Este también fue el caso de Elissa Fischel, quien tuvo un parto inesperado en casa cuando su bebé nació varias semanas antes de lo esperado. «No sabía cómo cambiar un pañal. La primera vez que lo hice, lo puse al revés», dice Fischel.
Como cualquier padre primerizo sabe, dar la bienvenida a un bebé al mundo puede ser un momento de inmensa alegría, pero también de estrés, falta de sueño, pérdidas de fluidos corporales y una lista cada vez mayor de consejos contradictorios.
No es de extrañar, entonces, que muchas madres primerizas se sientan abrumadas y solas después del parto. Pero Yannicelli y Fischel se beneficiaron de maneras que muchas otras madres no: dieron a luz a sus bebés en los Países Bajos.
Todos los nuevos padres en este pequeño país europeo reciben el apoyo de un profesional capacitado que llega poco después del parto. Se trata de los » kraamverzorgenden » (cuidadores de maternidad) de los Países Bajos.
Estos cuidadores de maternidad capacitados suelen pasar hasta ocho días en el hogar de los nuevos padres, ayudándolos con todo, desde lavar la ropa hasta detectar problemas de salud a tiempo.
Para Yannicelli, una expatriada estadounidense que vivía en Ámsterdam pero que ahora está de regreso en Estados Unidos, tener la tranquilidad de un profesional capacitado en su hogar la hizo sentir más segura y confiada. «Sentí que no estábamos solas», dice.
Fischel sintió lo mismo. «Fue realmente reconfortante tener a alguien a quien hacerle preguntas», dice.
Todos los padres en los Países Bajos tienen derecho a esta forma de atención personalizada. Para quienes viven en otros países y recurren a familiares, amigos o internet, el servicio » Kraamzorg » es una ventaja sin precedentes. Es una forma única de atención que, según las personas con las que hablé para este artículo, ayuda a los padres y a sus bebés a prosperar.
Alejandro Riezebeek«Ofrecemos a los nuevos padres un buen comienzo en su entorno familiar», explica Wendy Olieman, cuidadora de maternidad de KraamZus, una de las organizaciones que atiende a nuevas familias.
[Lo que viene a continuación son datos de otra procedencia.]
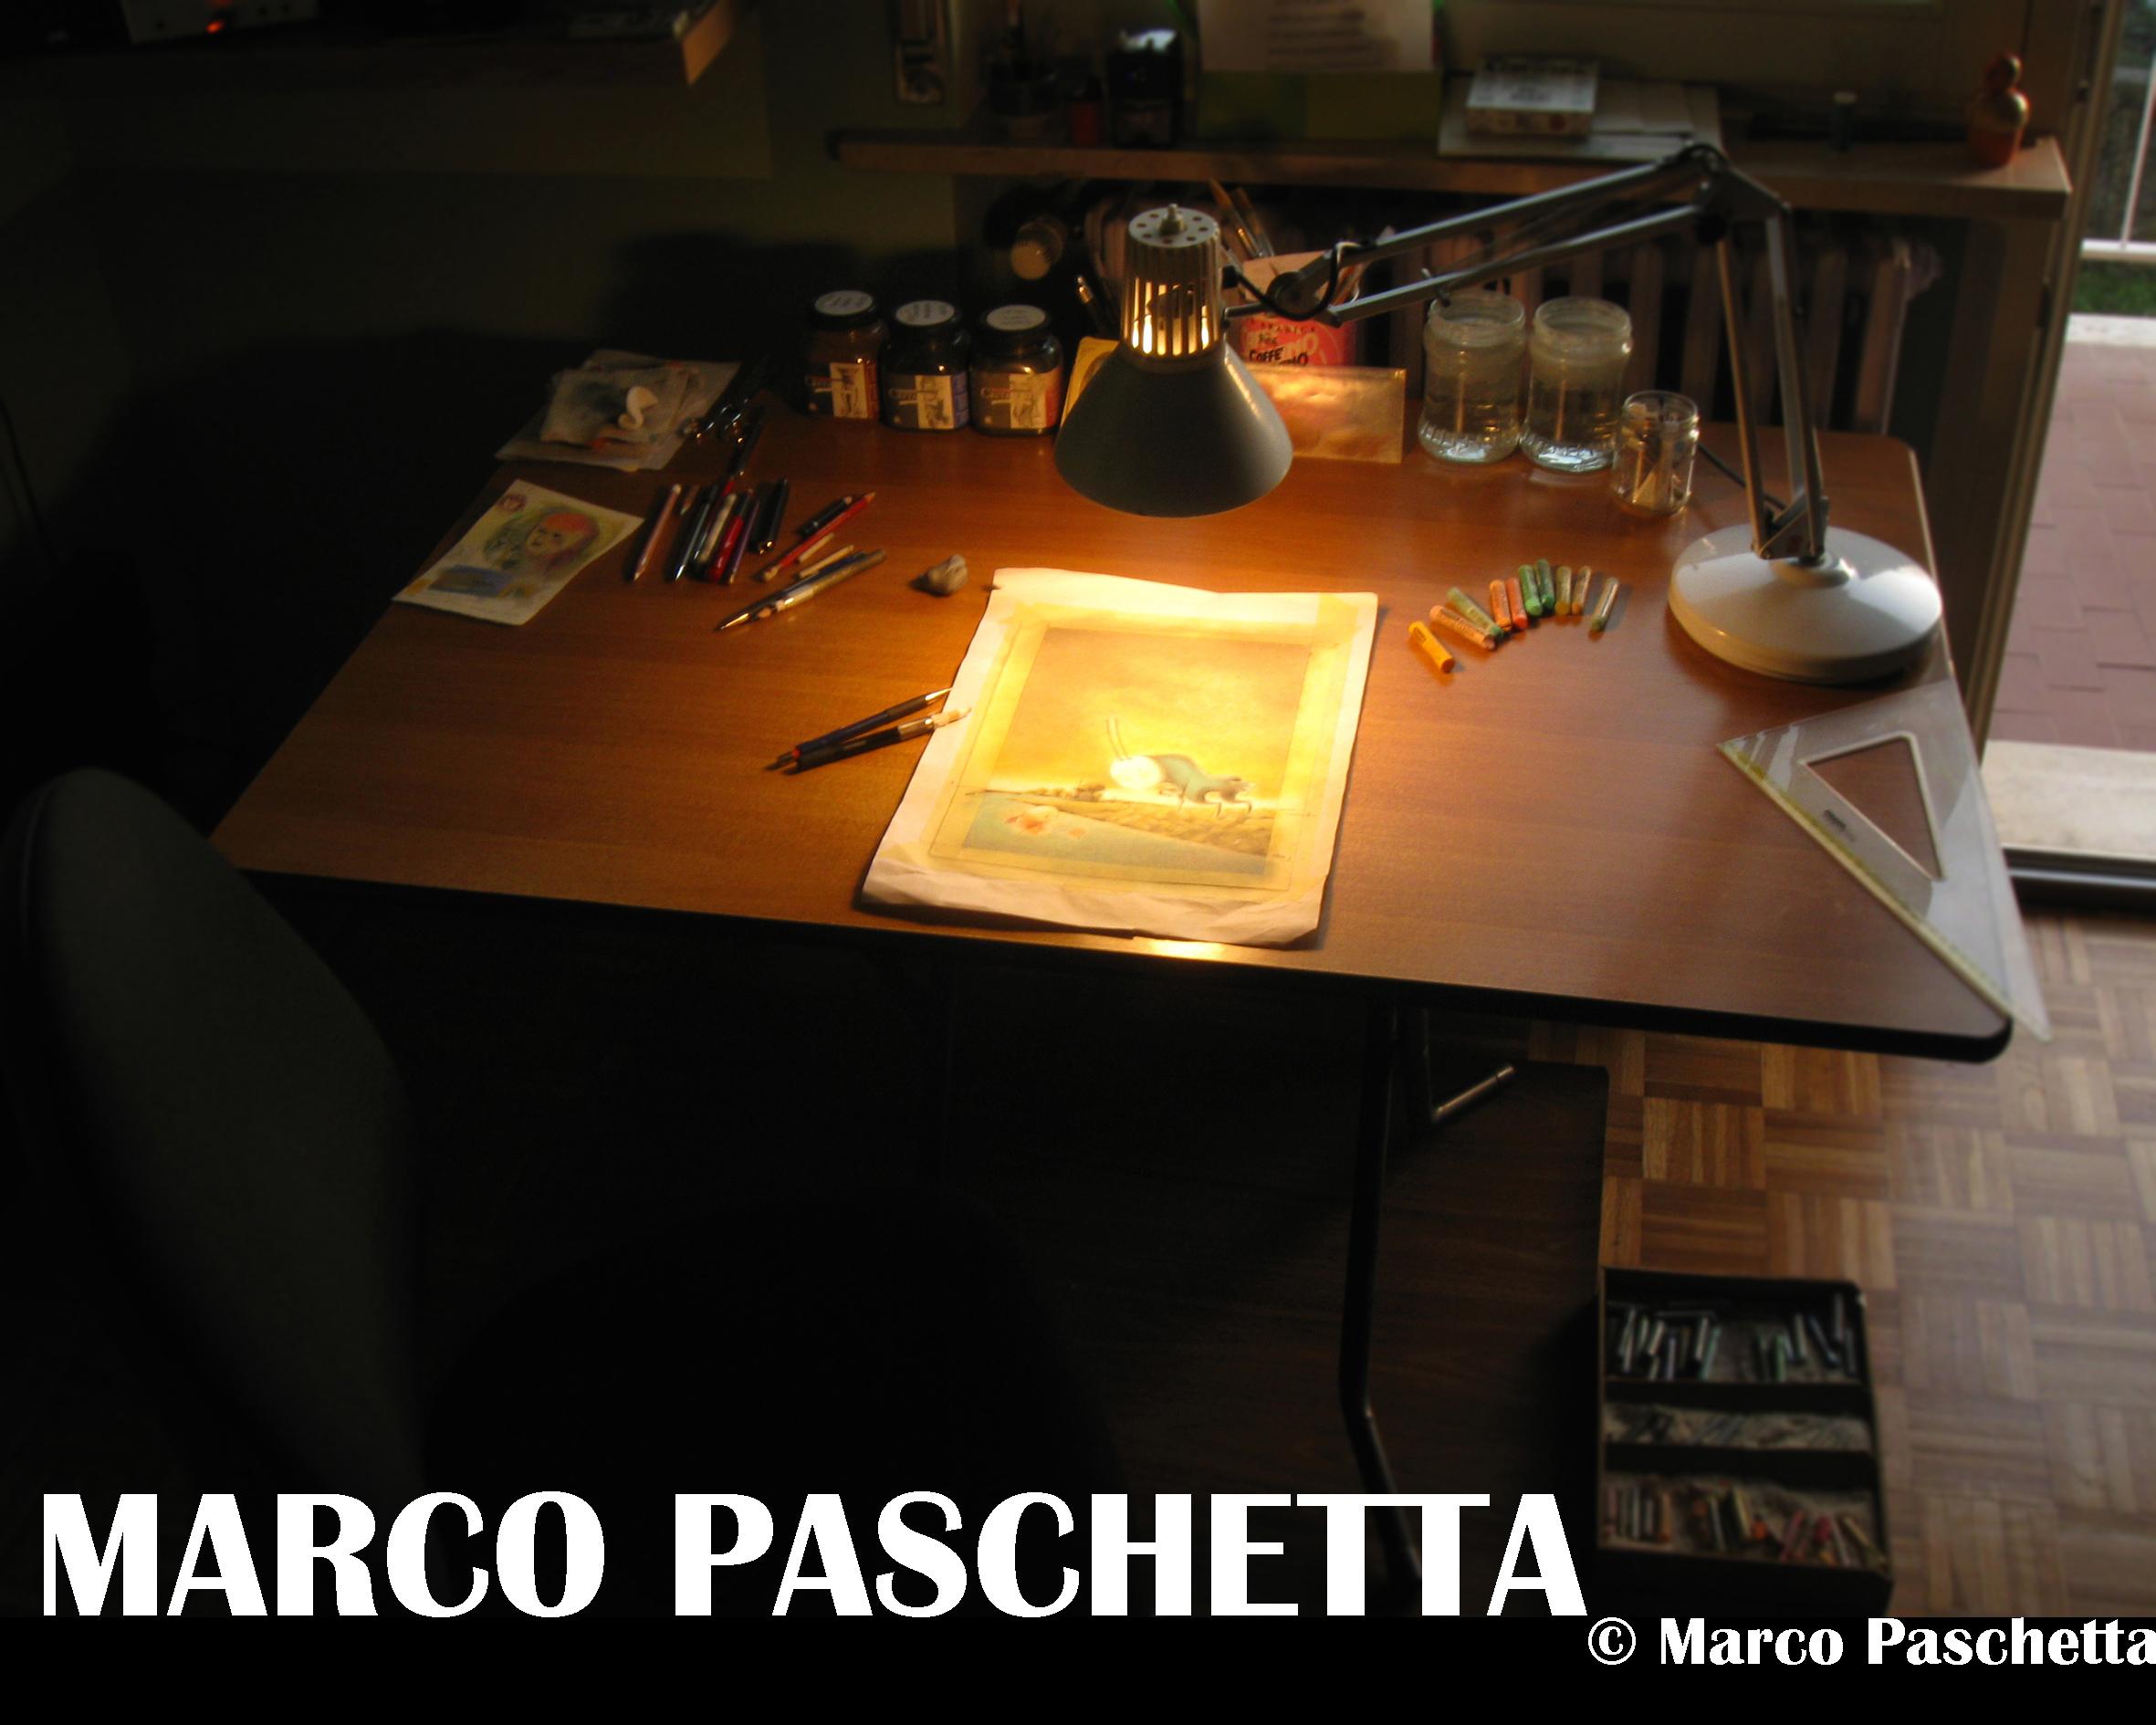 Marco Paschetta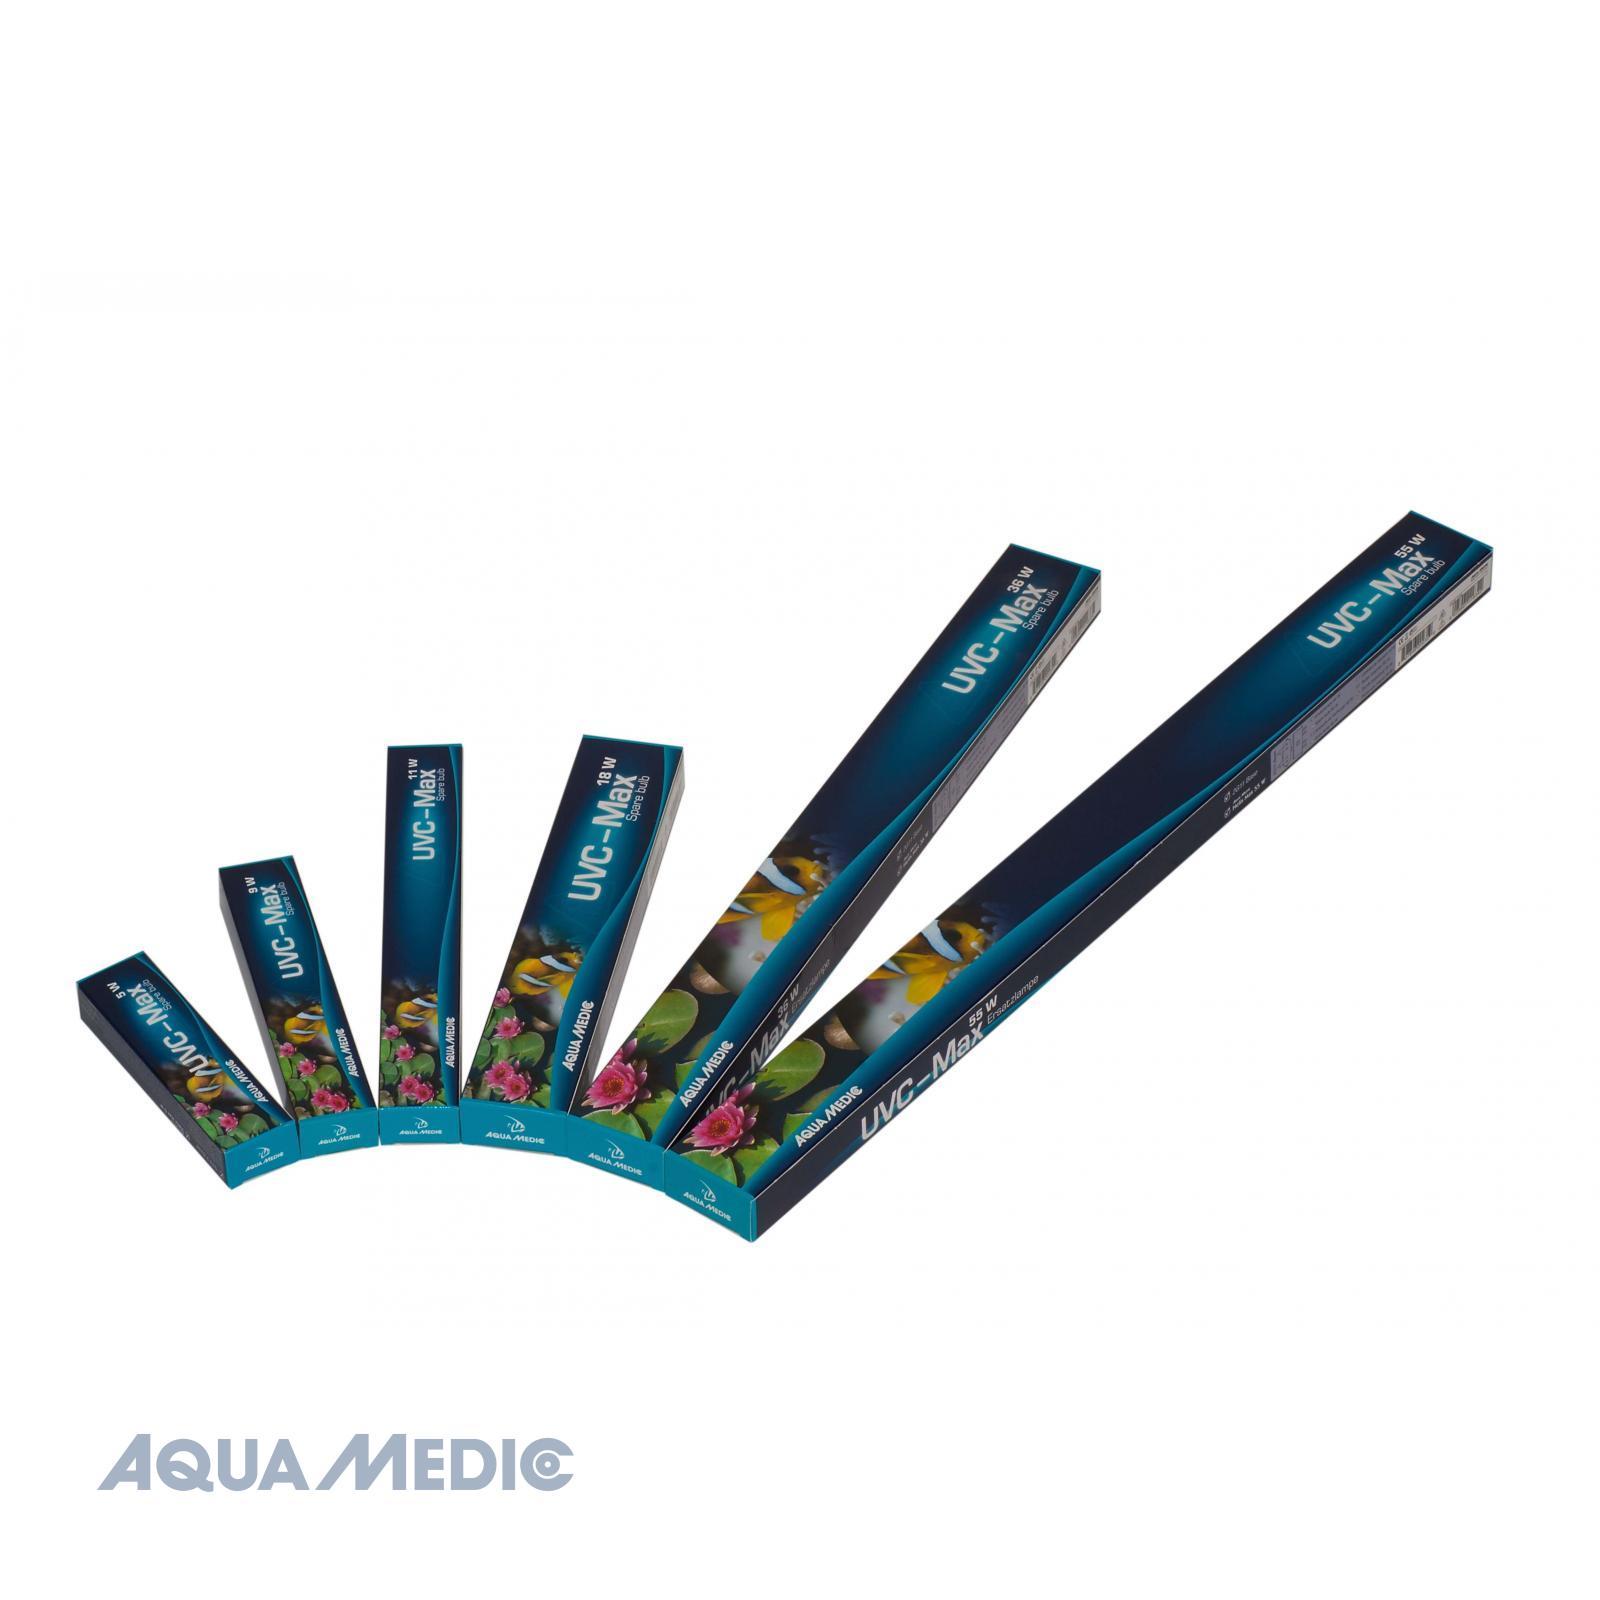 Aquamedic 5w Helx Max Spare Bulb

La magia de este puesto, afirma, reside en la capacidad de transformar la experiencia inicial de una familia con un recién nacido «de lo que podría parecer caótico a la paz», y en ayudar a los padres a sentirse más seguros. «Somos los ojos y oídos de la matrona y podemos identificar problemas a tiempo, porque no siempre todo sale bien».
Los padres tienen derecho a entre 24 y 80 horas , normalmente repartidas en ocho días . El servicio está cubierto en gran medida por el seguro médico, pero algunas pólizas requieren una tarifa adicional de 5,70 € (5,00 £/6,70 $) por hora. Suele ser prestado por organizaciones privadas y, dado que el seguro es obligatorio en los Países Bajos, todos tienen derecho al kraamzorg. Los cuidadores desempeñan una amplia gama de funciones, desde el apoyo doméstico hasta la supervisión del bienestar familiar. Pueden vigilar al bebé para que la nueva madre pueda descansar, cuidar de sus hermanos y supervisar la salud de la nueva madre y del niño, por ejemplo, revisando los puntos o proporcionando apoyo para la lactancia.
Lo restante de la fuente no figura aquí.